INSERT INTO data(id, updated_at, data)
VALUES ('1', statement_timestamp(), 'hello')
ON CONFLICT (id)
DO UPDATE SET updated_at = GREATEST(excluded.updated_at, data.updated_at + '1 microsecond'::interval), data = excluded.data
RETURNING updated_at;

However, after reading the last blog post, it seems to me that it would not be necessary? If statement_timestamp() will ever happen to be the less than the previous one, that would mean my current transaction timestamp is smaller than the value timestamp and it falls into this “uncertainty” scenario and transaction is restarted.

Am I correct?

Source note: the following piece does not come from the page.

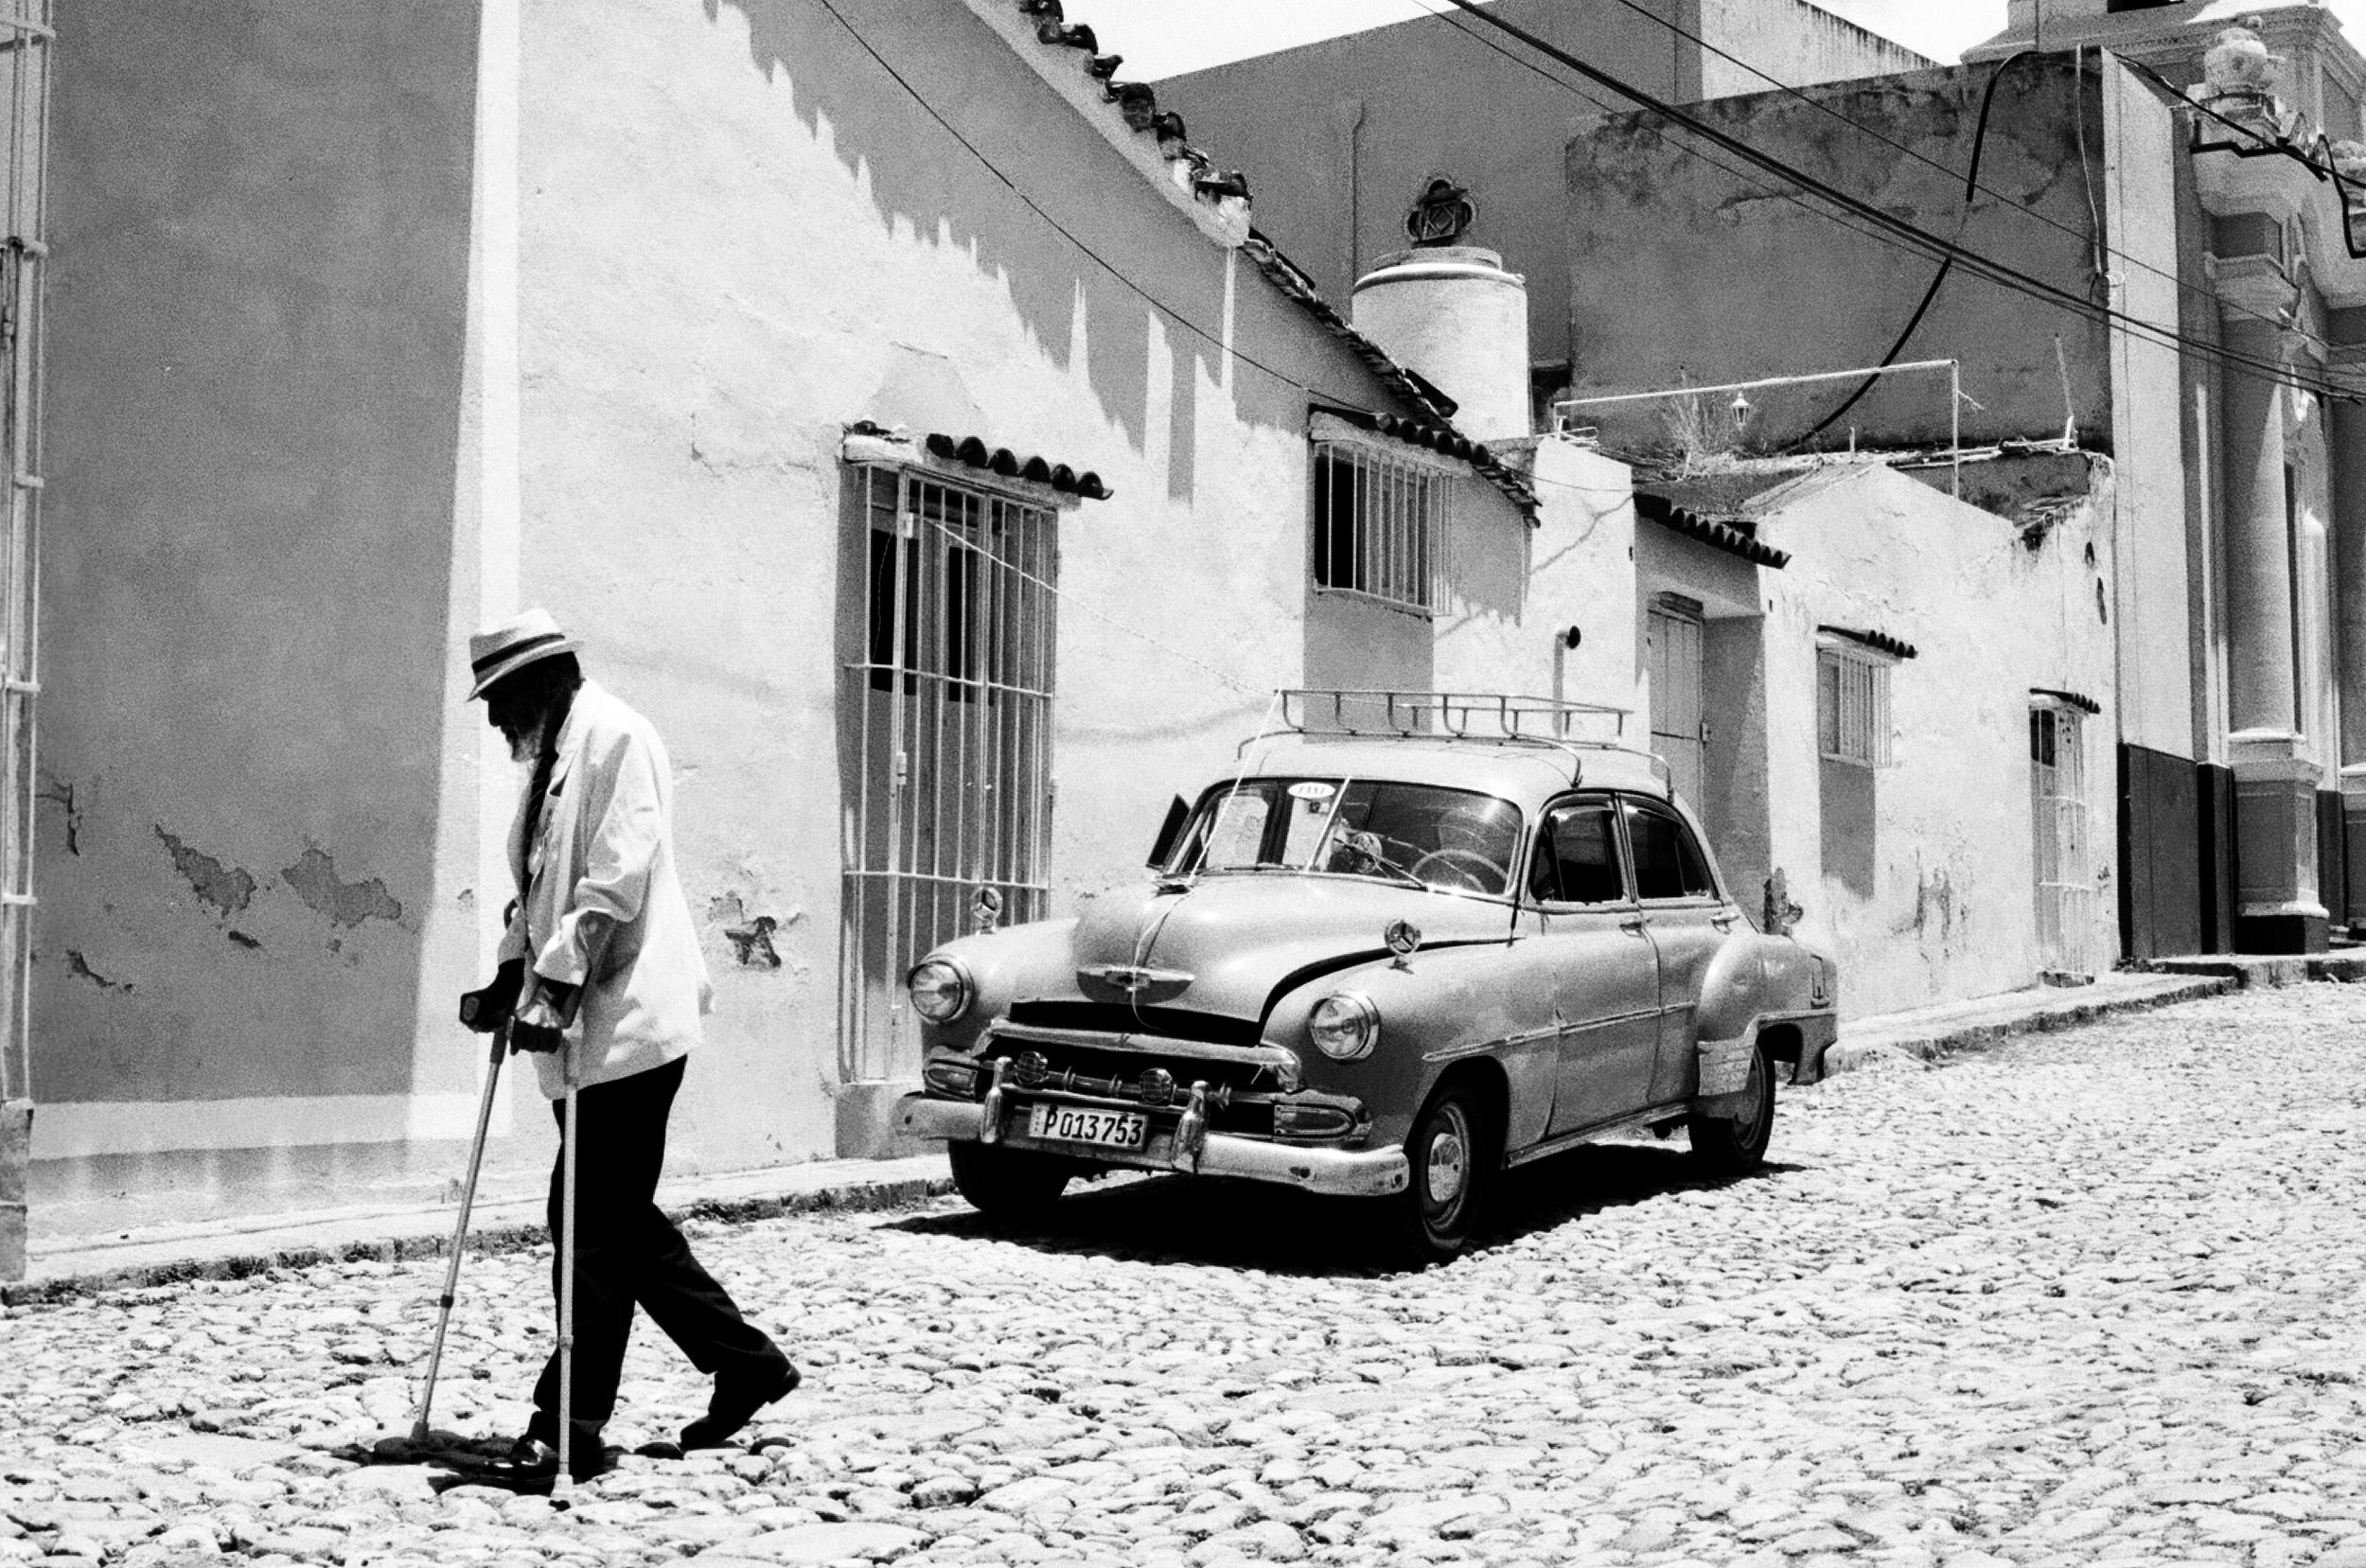 Trinidad, petite ville au centre du pays, attire de nombreux touristes avec ses rues pavés et ses galeries d'art. Ici, un vieux cubain digne d'un membre de Buena Vista Social Club.

Can it be replaced with

INSERT INTO data(id, updated_at, data)
VALUES ('1', statement_timestamp(), 'hello')
ON CONFLICT (id)
DO UPDATE SET data = excluded.data
RETURNING updated_at;

?


(Raphael 'kena' Poss) #2

statement_timestamp(), like all other pg-compatible time functions supported by CockroachDB, uses the node local system clock which is subject to backward jumps and drifts.

Therefore, it does not provide a guarantee of monotonicity and therefore the replacement you propose is incorrect.

A couple general recommendations:

  1. it’s not possible in cockroachdb to create a guaranteed-monotonic value that’s 1.a) time-like and 1.b) that’s different per-statement, without forcing serialization through some shared table. This has, naturally, a serious performance implication which you should be mindful of.

  2. if you were to drop 1.a you could perhaps satisfy yourself with SQL sequences, which are much faster to access (and increment) than a record in a shared table. However of course SQL sequences still go to a shared counter in storage and there will be a serialization effect.

(In general, anything you’d want to increase per-statement will need to go and access a shared object somewhere, with a non-negligible impact on maximum throughput)

  1. if you were to drop requirement 1.b, you could perhaps make-do with the internal timestamp generated by CockroachDB for an entire transaction. This is not revealed to SQL clients via a supported function (although we have an experimental function for it called cluster_logical_timestamp()) because letting clients use this timestamp disables several important performance optimizations inside CockroachDB and generally increases the probability of transaction conflicts and manual retries.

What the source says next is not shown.